Recently, over 100 Asian American and LGBTQ+ organizations came together to sign a joint statement opposing law enforcement-based hate crime legislation. The statement argues that the act “ignores that police violence is also anti-Asian violence, which has disproportionately targeted Black and brown Asians.”

“The bolstering of law enforcement and criminalization does not keep us safe and in fact harms and furthers violence against Asian communities facing some of the greatest disparities and attacks—sex workers, low wage workers, people with disabilities, people living with HIV, youth, women, trans and nonbinary people, migrants amongst others,” the statement says.

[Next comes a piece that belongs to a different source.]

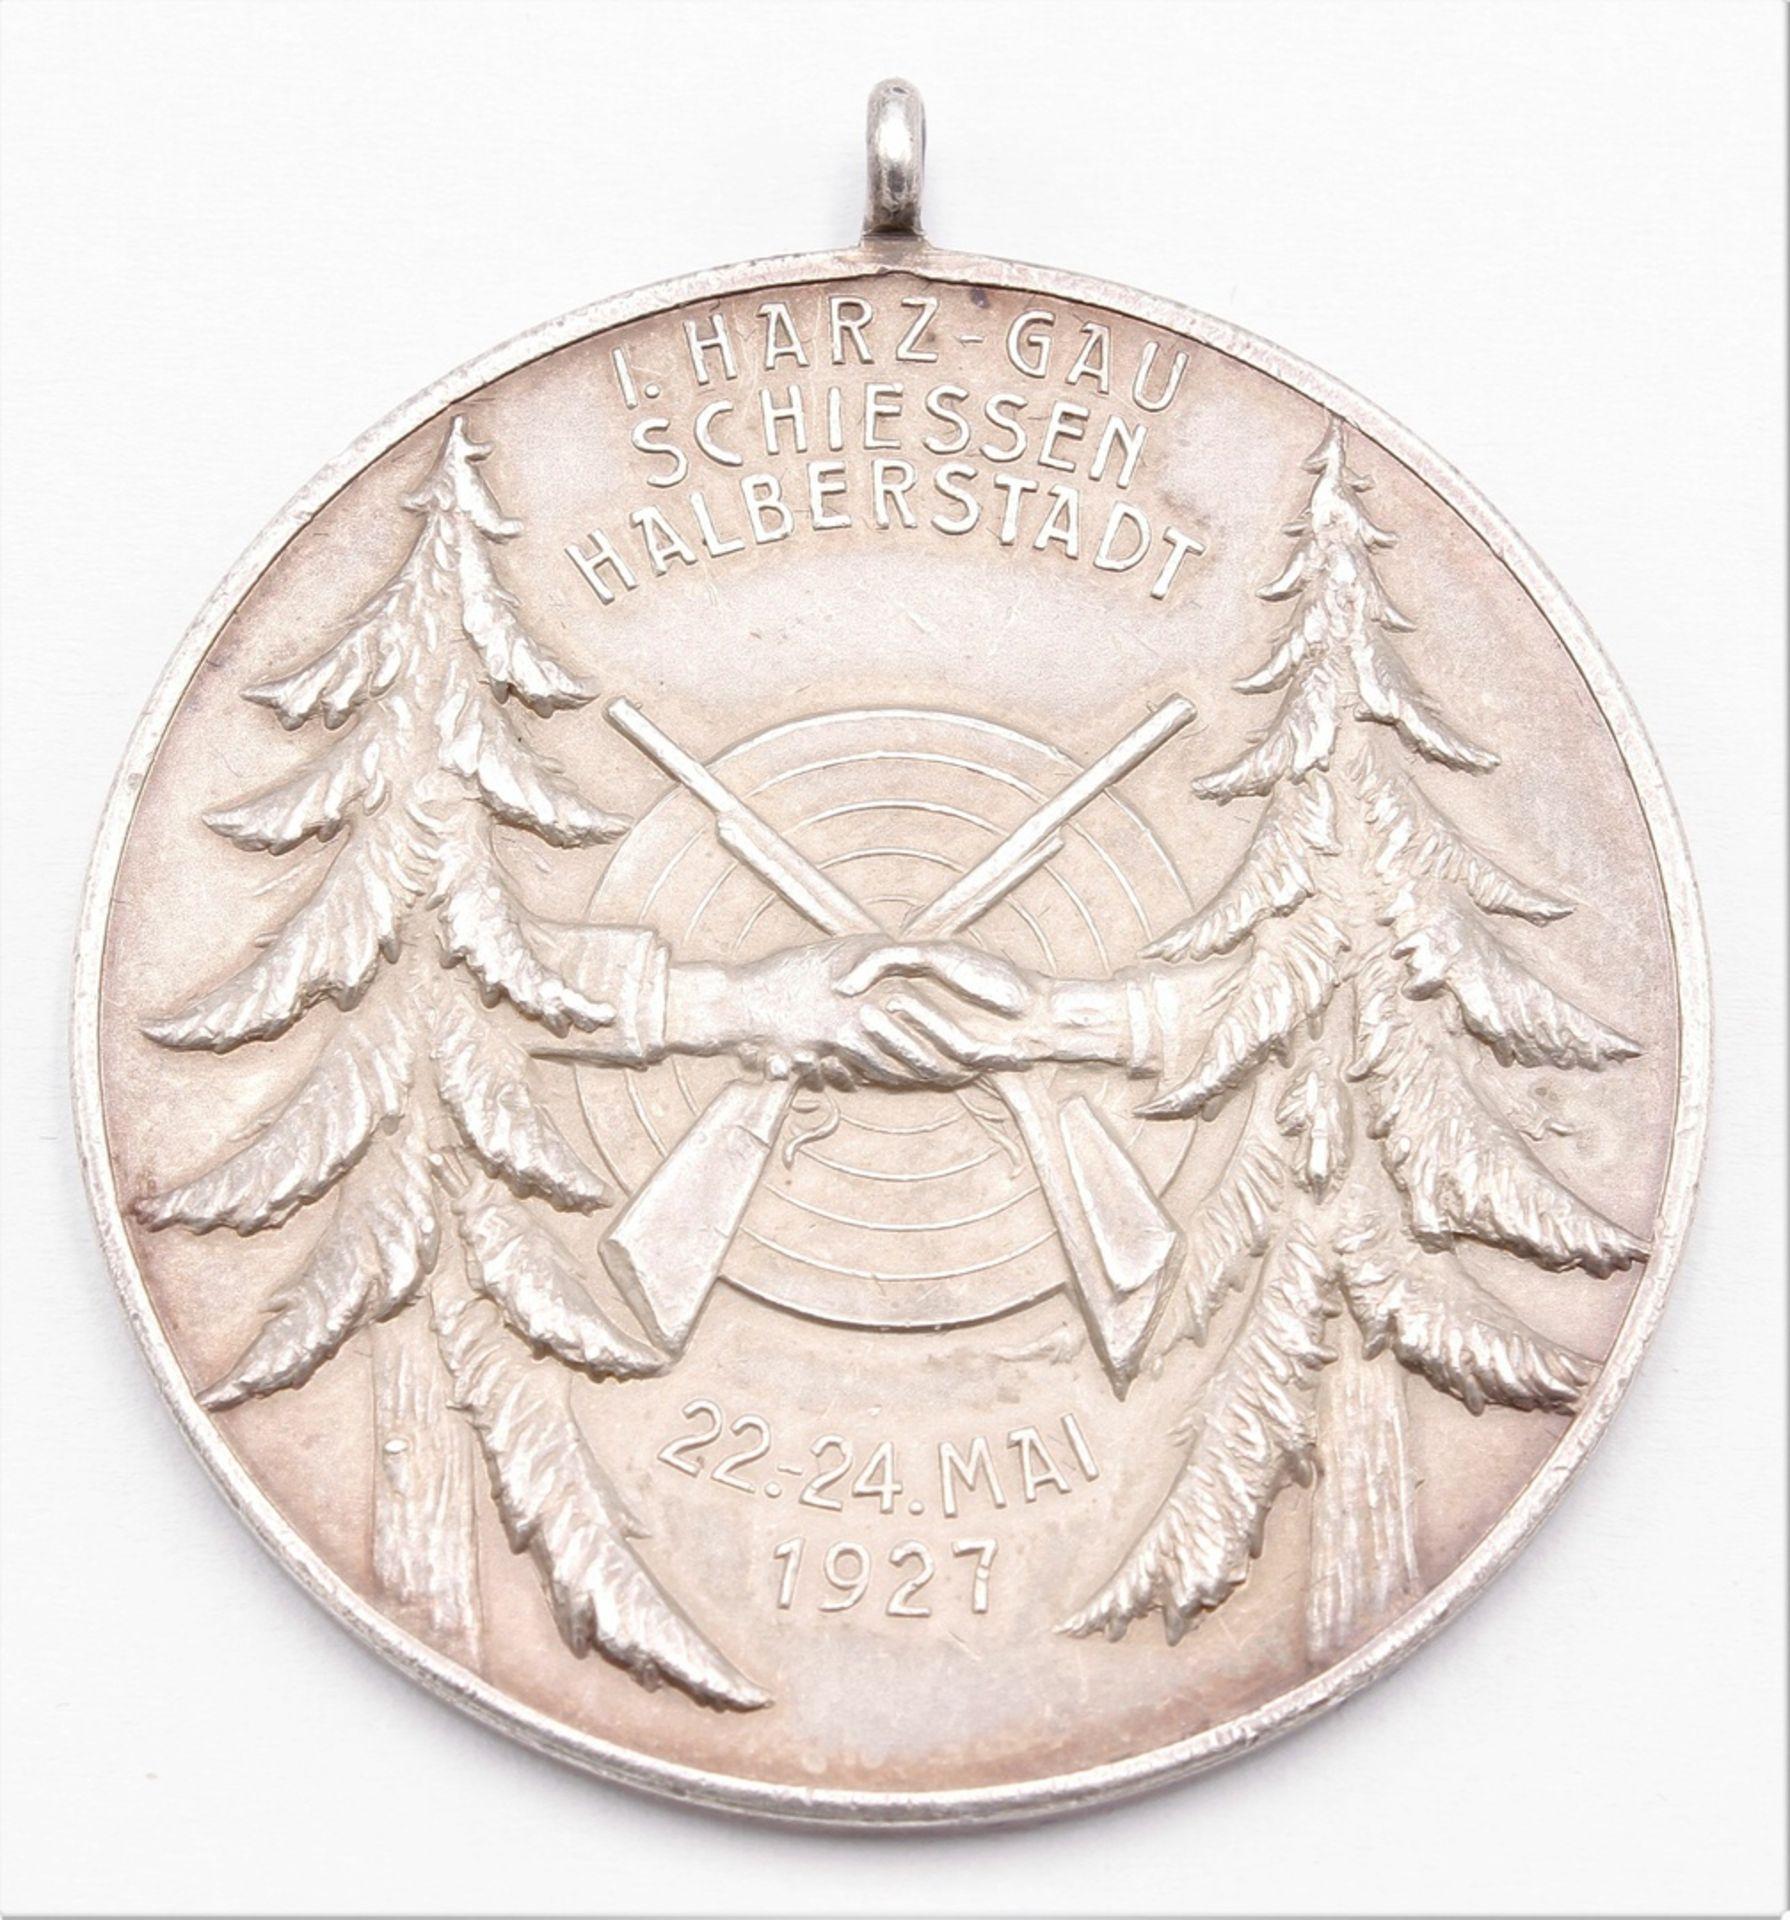 Medaille Halberstadt, I. Harz-Gau Schiessen, 1927 - Bild 2 aus 2

Coordinated by Gay Asian & Pacific Islander Men of New York (GAPIMNY), a New York City-based community organization focused on empowering queer Asian Americans and Pacific Islanders, the statement represents a large collective organizing effort between Asian American and LGBTQ+ groups, both in New York City and nationwide. Rohan Zhou-Lee, the founder of The Blasian March, a co-signer of the joint statement, cites the history of police violence toward the LGBTQ+ community, including the Stonewall and the Compton’s Cafeteria uprisings, in discussing the impetus for the joint statement.

“I think [the joint statement] resonated with a lot of us because we are also already speaking and thinking about how policing affects Black and Indigenous communities,” Zhou-Lee explained. “When we are working on being actively anti-racist and [co-conspiring] with Black and Indigenous communities, it means that we have to find solutions that work for all of us.”

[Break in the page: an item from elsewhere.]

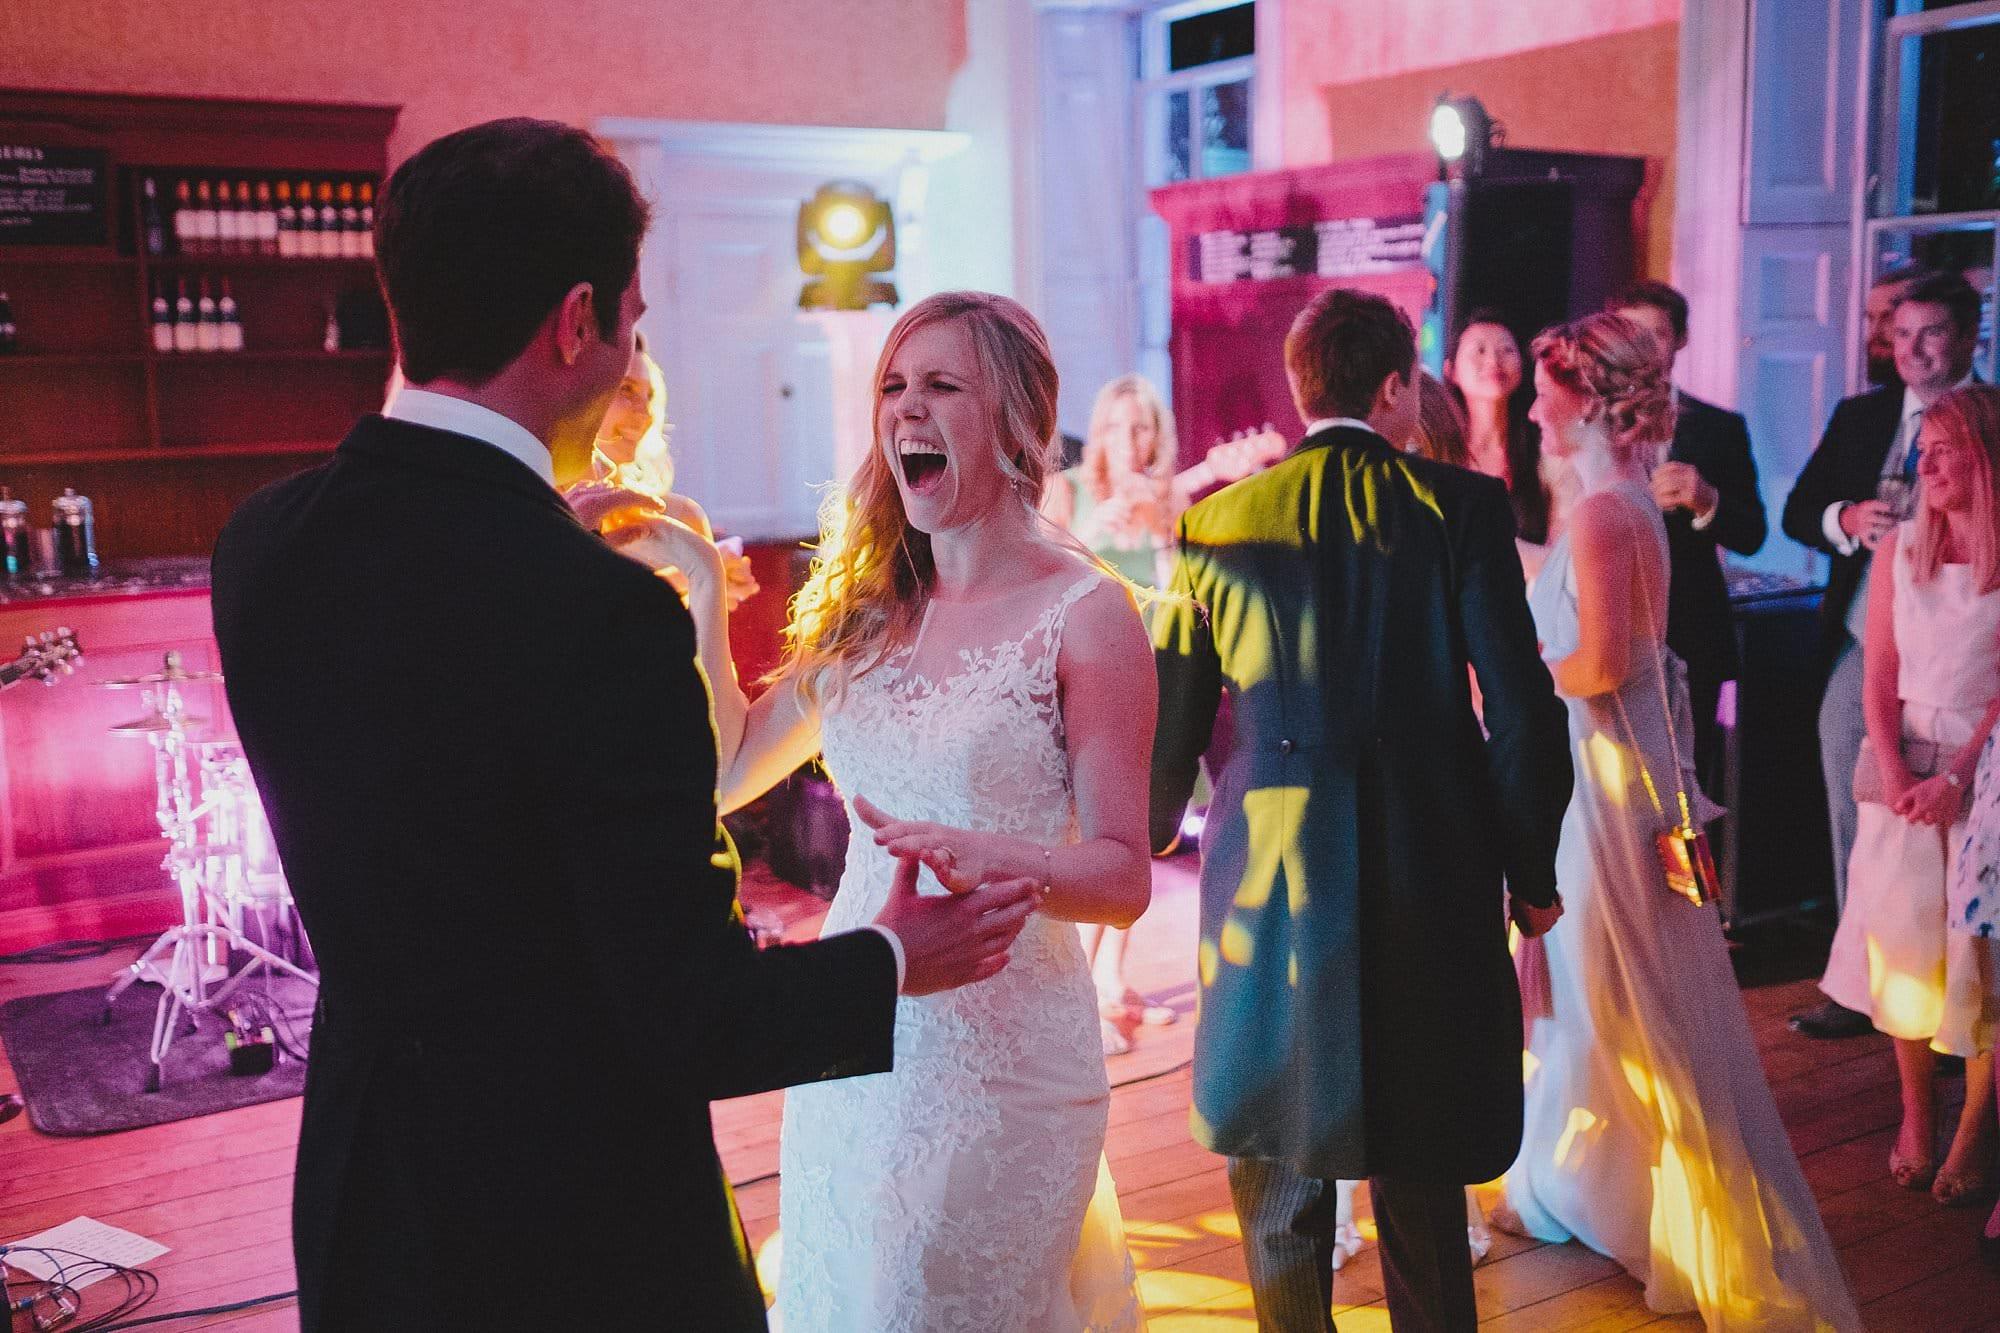 fulham palace wedding photographer 090 - Rosanna + Duncan | Fulham

Zhou-Lee says that by calling for more support for policing, the bill and its proponents elide a very long and violent history Asian American communities have with the police, such as the vicious police beating of Peter Yew in 1975 that sparked a massive street protest in New York City’s Chinatown. Zhou-Lee also points to the death of Yang Song in 2019 during a police raid of the Flushing massage parlor where she worked, as well as the killings of Christian Hall and Angelo Quinto at the hands of police. 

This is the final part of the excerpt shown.